Although the Protocol simplifies this complex and often bewildering market, businesses that have little experience in carrying out these types of projects may require additional assistance in applying the Protocol, setting the right goals, or communicating potential benefits within their organizations. With this in mind, the Coalition has launched a Protocol Application Program, which will be delivered by the CISL. The aim of the Program is to build an effective, cooperative group of businesses that use the Protocol, and provide feedback and guidance on content, application, and best practice.
The Coalition will additionally be directing businesses that wish to apply the Protocol toward trainers and technical advisors who are part of the Coalition, and well placed to provide support, with many contributing to the Protocol’s development process.

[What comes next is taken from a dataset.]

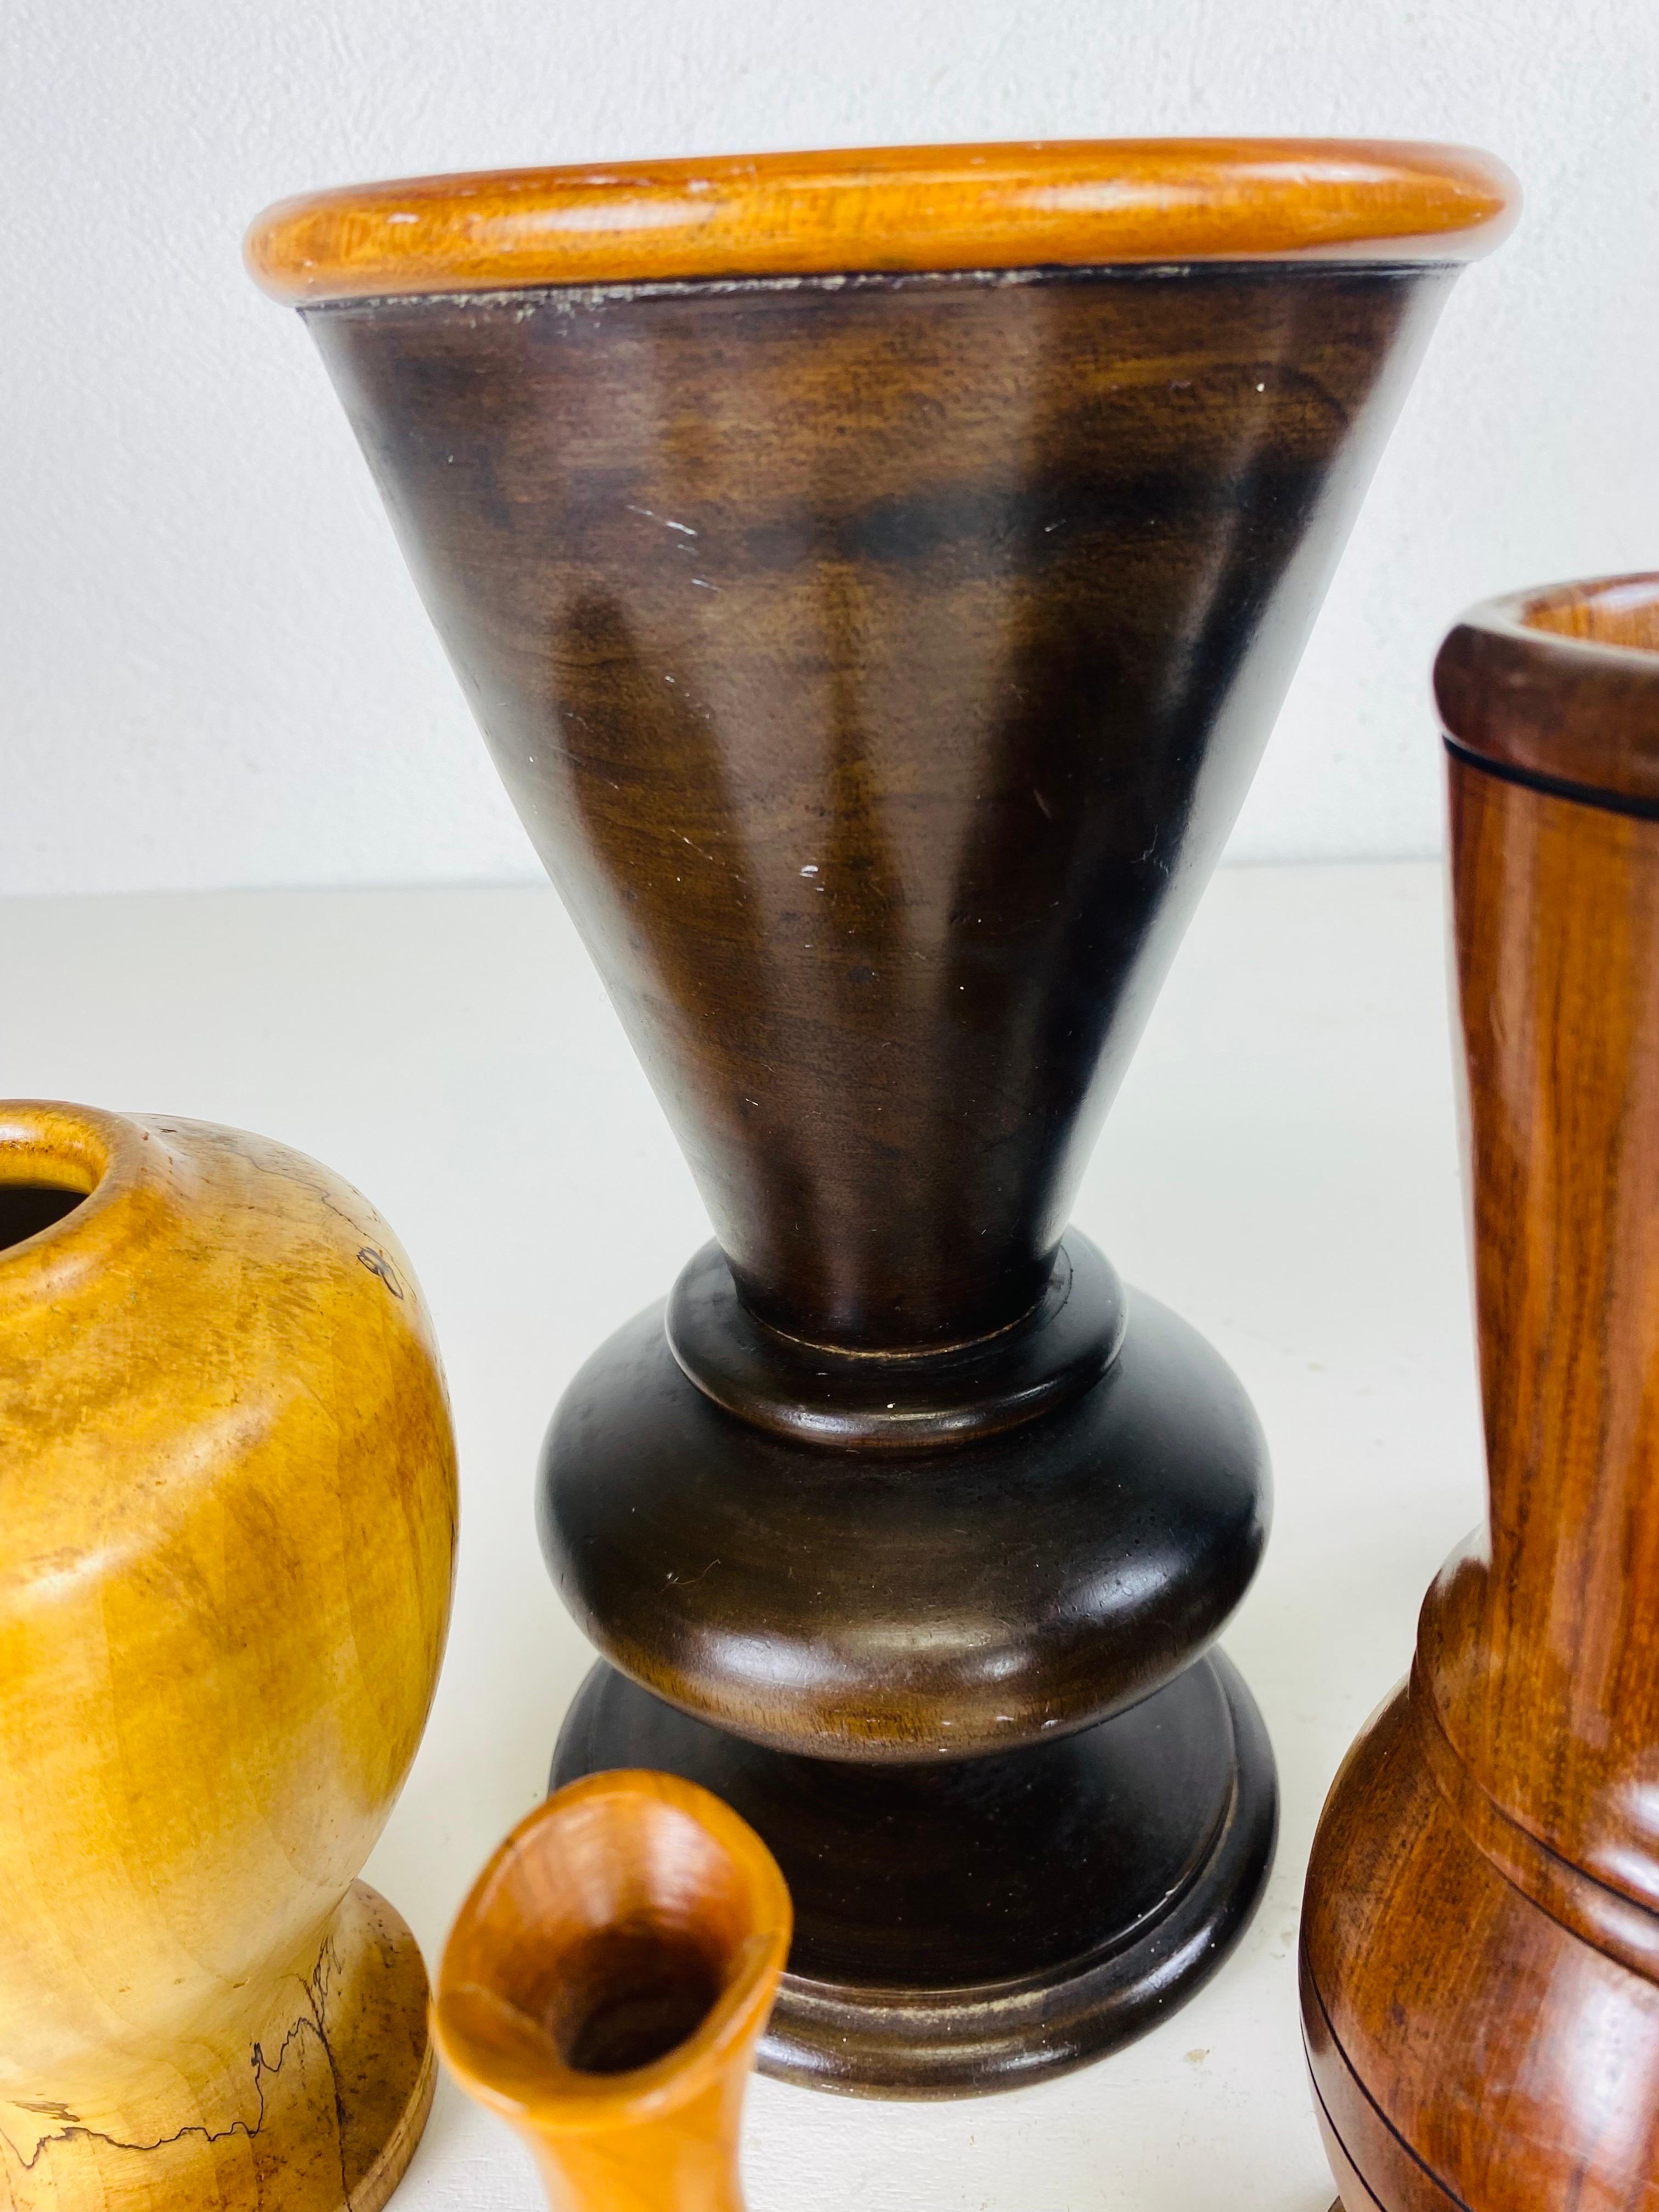 This is a complementary collection of mid century hand turned wooden vessels. Please note the measurements for these pieces are from left to right starting with the blonde vase on the far left measures 4 1/2 x 4 1/2 x 7 1/2 tall. The two large

As part of this drive, the Coalition has also partnered with the World Business Council on Sustainable Development to develop a Natural Capital Protocol Toolkit. The Toolkit will grow as an interactive database of relevant methodologies, tools, and approaches that can help a user to carry out a natural capital assessment, mapped against the Protocol framework. The project will build on existing efforts, such as those by Eco4Biz, Taking Stock, and BSR’s Making the Invisible Visible.
The Protocol marks a significant step toward including natural capital in global businesses’ decision making, and we’re excited to see how the space develops in the coming months and years, and thrilled to be in the middle of such an exciting movement.